# How do I reinforce compromised load-bearing studs?



## rsclement (Feb 21, 2012)

Here is the issue. Due to lack of knowledge:huh:, a hole 2 1/2" in diameter was drilled through what I now know to be load-bearing. It is in the doorway to the living room from the foyer and there are 3 studs together. Should I remove the drywall on either side of the doorway and attach a full lenght stud with glue and nails to each to reinforce? Any other options like steel plates etc.

This is on the main floor. There is a basement and an upstairs. Was originally drilling to run wires for to allow home theatre equipment to be placed in a closet.

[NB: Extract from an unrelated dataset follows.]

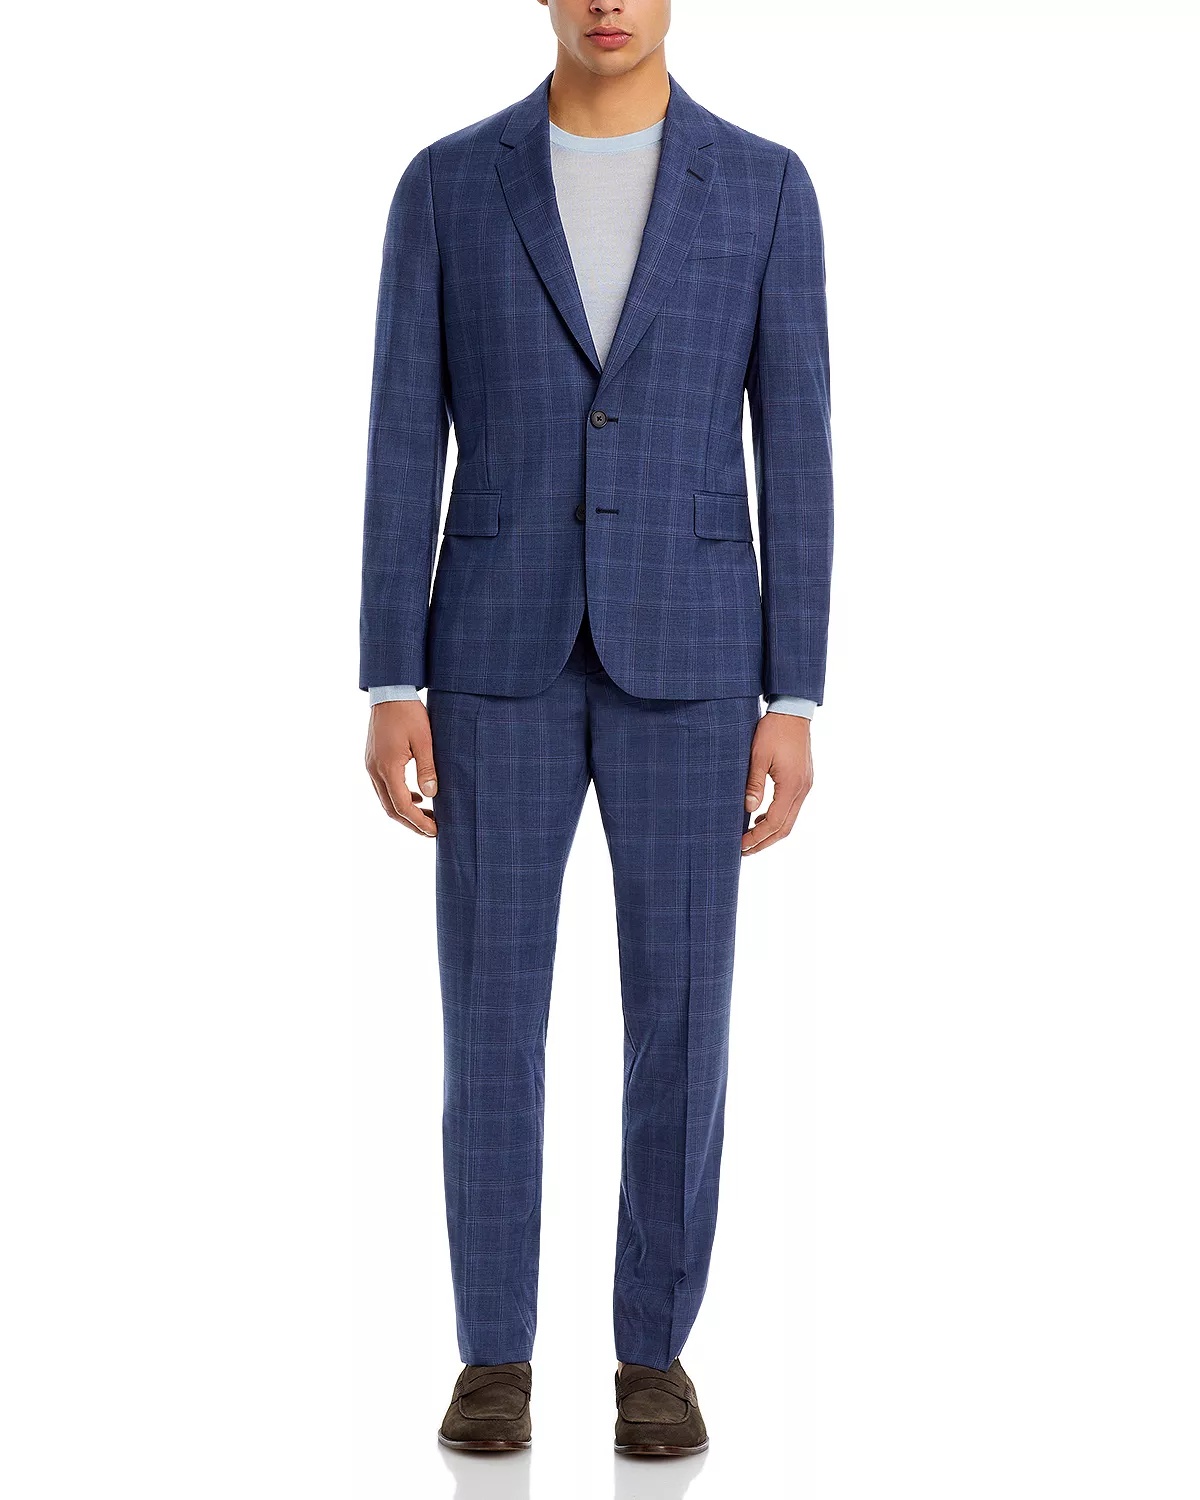 Soho Plaid Extra Slim Fit Suit - 1

Need some advice. Thanks in advance!


----------



## joecaption (Nov 30, 2011)

Why 2-1/2? Could have been done with a much smaller hole.
The sheetrock only needs to be removed on one side. Just set new studs next to the ones already and nail at the top and bottom. No need to nail them together in the middle.


----------



## rsclement (Feb 21, 2012)

Good question. Just didn't know. Going to run several wires. (4 hdmi, 1 cat6...). I appreciate your help and quick response!


----------



## Daniel Holzman (Mar 10, 2009)

Based on your description, it sounds like you may have drilled clear through three studs back to back. These may have been two trimmer studs and one king stud supporting a header. You need to check this possibility out, because if that is what you did, your header on one side has been severely compromised, and adding one stud is not likely to be adequate.


----------



## Nailbags (Feb 1, 2012)

look at this link it is more help full then here some times.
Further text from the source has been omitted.